The present invention relates to an objective lens which can be used in a optical disc system such as writing and/or reading device and device for creating a master of an optical disc.
Conventionally, optical disc reading/writing devices have been widely used. An optical disc reading/writing device is typically configured such that a laser beam emitted by a laser source is converged at a point in the vicinity of data recording surface of the optical disc to readout/write the information thereon. In order to perform the reading/writing operation efficiently, it is preferable that the quantity of light converged on the data recording surface is as much as possible. For this purpose, an objective lens for the optical disc reading/writing device is generally formed with a reflection suppressing coating on its surface. An example of such a coating is disclosed in Japanese Patent Provisional Publication No. P2001-52366A.

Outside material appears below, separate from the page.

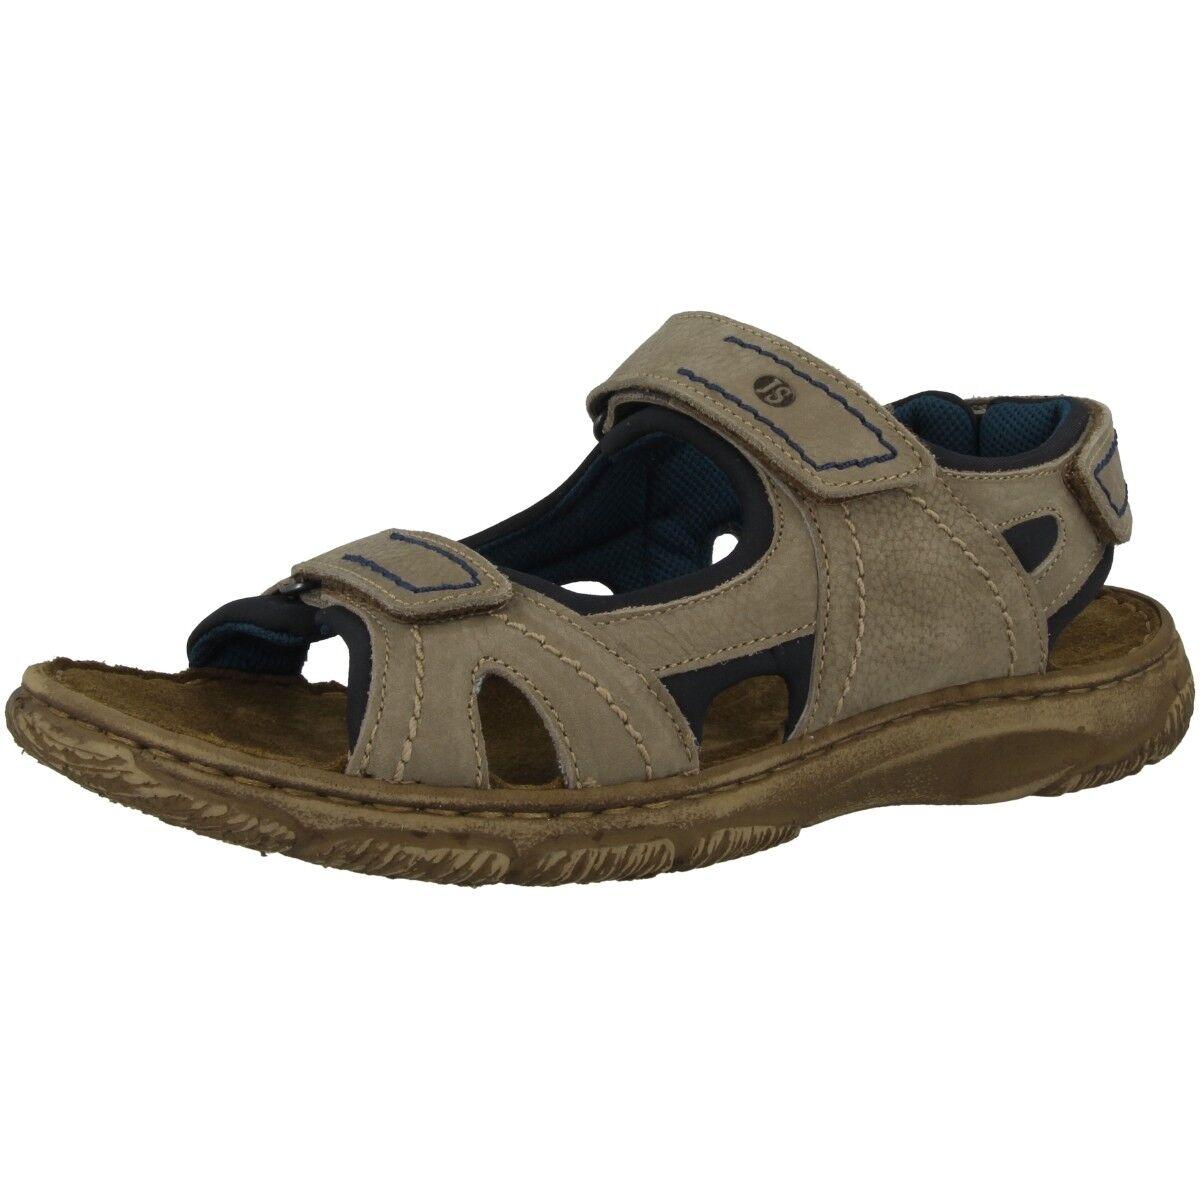 Josef Seibel Carlo 03 Schuhe Men Herren Outdoor Hiking Sandalen 27603-TE796-251

Generally, the reflection suppressing coating formed on the surface of the objective lens is configured such that its reflectivity for a ray of light at a predetermined wavelength (which will be referred to hereinafter as a design wavelength) incident thereon is minimum when an incident angle of the ray is zero degree. It is known that, for the wavelength of light different from the design wavelength, the reflection suppressing coating exhibits higher reflectivity (i.e., the reflection suppressing capability is lowered). Further, due to the inclination of the surface of the objective lens, an incident angle of a ray increase at an outer portion of the lens surface. As the incident angle of a ray is varied, the wavelength for which the reflection suppressing coating exhibits the minimum reflectivity is shifted to a shorter wavelength side. In other words, when rays having the same wavelength are incident on the central area (an area around the optical axis) and peripheral area (an area surrounding the central area) of the objective lens, the peripheral area exhibits a higher reflectively than the central area.

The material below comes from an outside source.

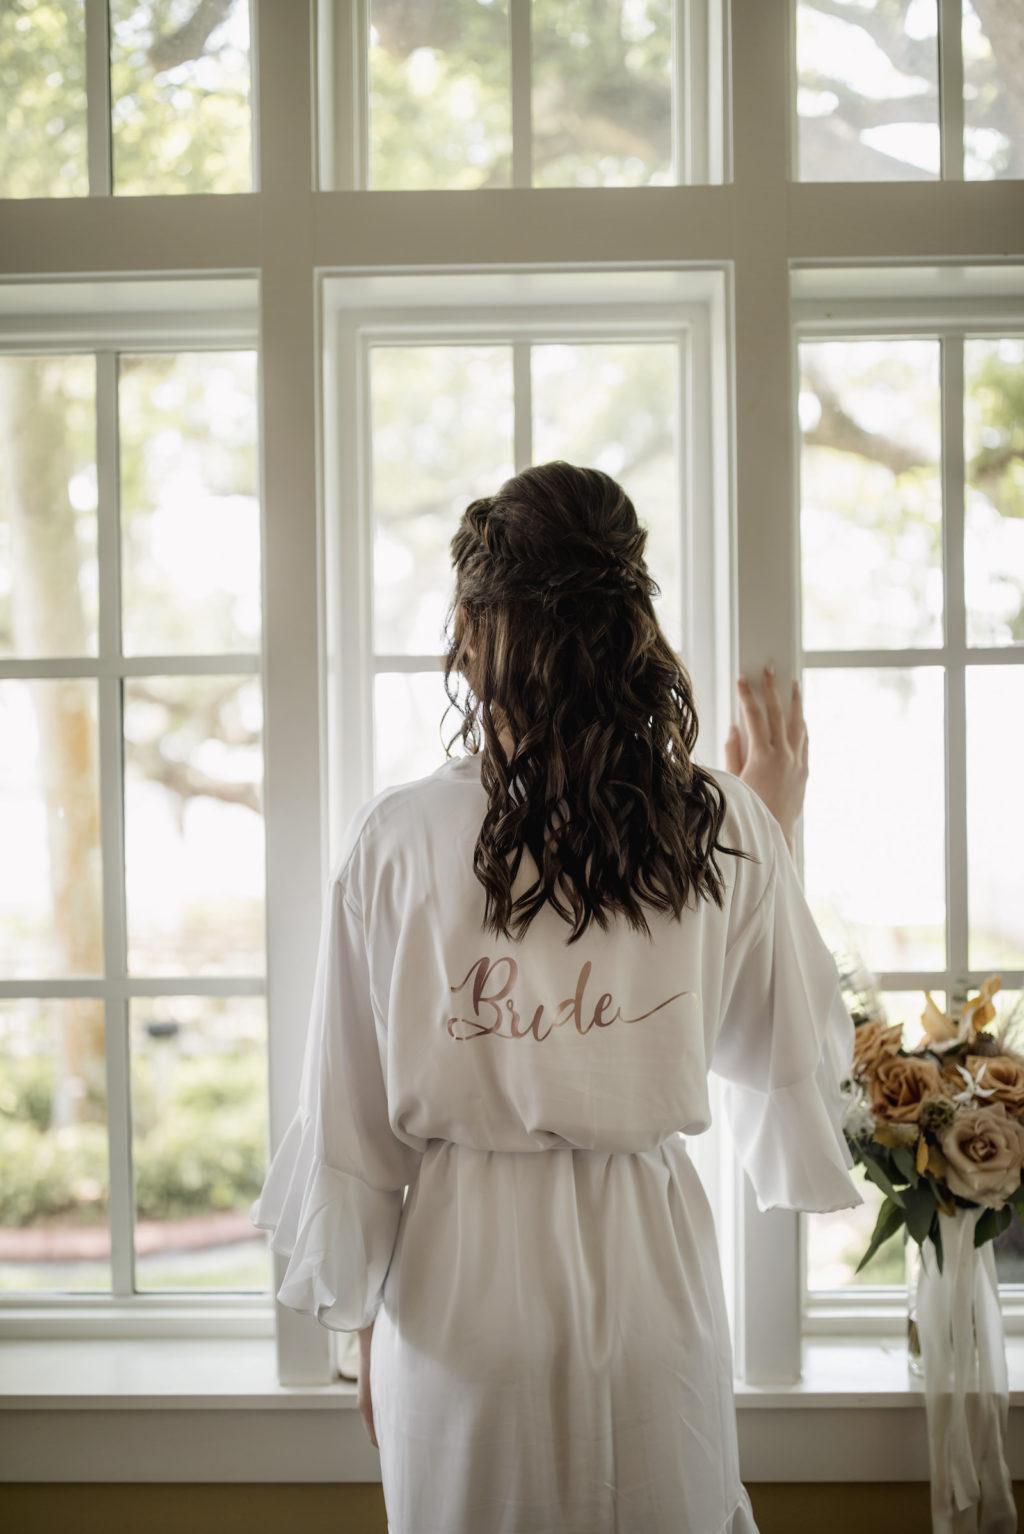 White Satin Short Bride Robe   Bride Getting Ready on Wedding Day

In the above-identified publication, in order to deal with the problem of varying the reflectivity due to the inclination of the lens surface, a lower design wavelength is employed for forming the reflection suppressing coating. With this configuration, increase of the reflectivity at the peripheral area is suppressed. Although the reflectivity at the central area increases according to the above configuration, the reflectivity as a whole (i.e., for the rays of light incident on an effective range of the objective lens) is well suppressed.
Recently, an optical disc having a higher recording density (i.e., having a larger data capacity) has been developed and used (e.g., DVD: digital versatile disc). When data is written onto and/or readout from such a disc, in accordance with its higher recording density, a high NA objective lens is used. By employing the higher NA lens, the diameter of a beam spot is well reduced.
The objective lens disclosed in the above-indicated publication is configured to reduce the reflectivity with respect to the light incident thereon so that loss of light is suppressed.
In an optical disc, since a pitch of adjacent data tracks is relatively small. In particular, an optical disc whose density is higher than that of the DVD has been suggested recently (e.g., Blue-Ray disc), which requires a higher NA lens. For such a high-density optical disc, it is desired that the intensity of a side lobe formed around the beam spot is well reduced.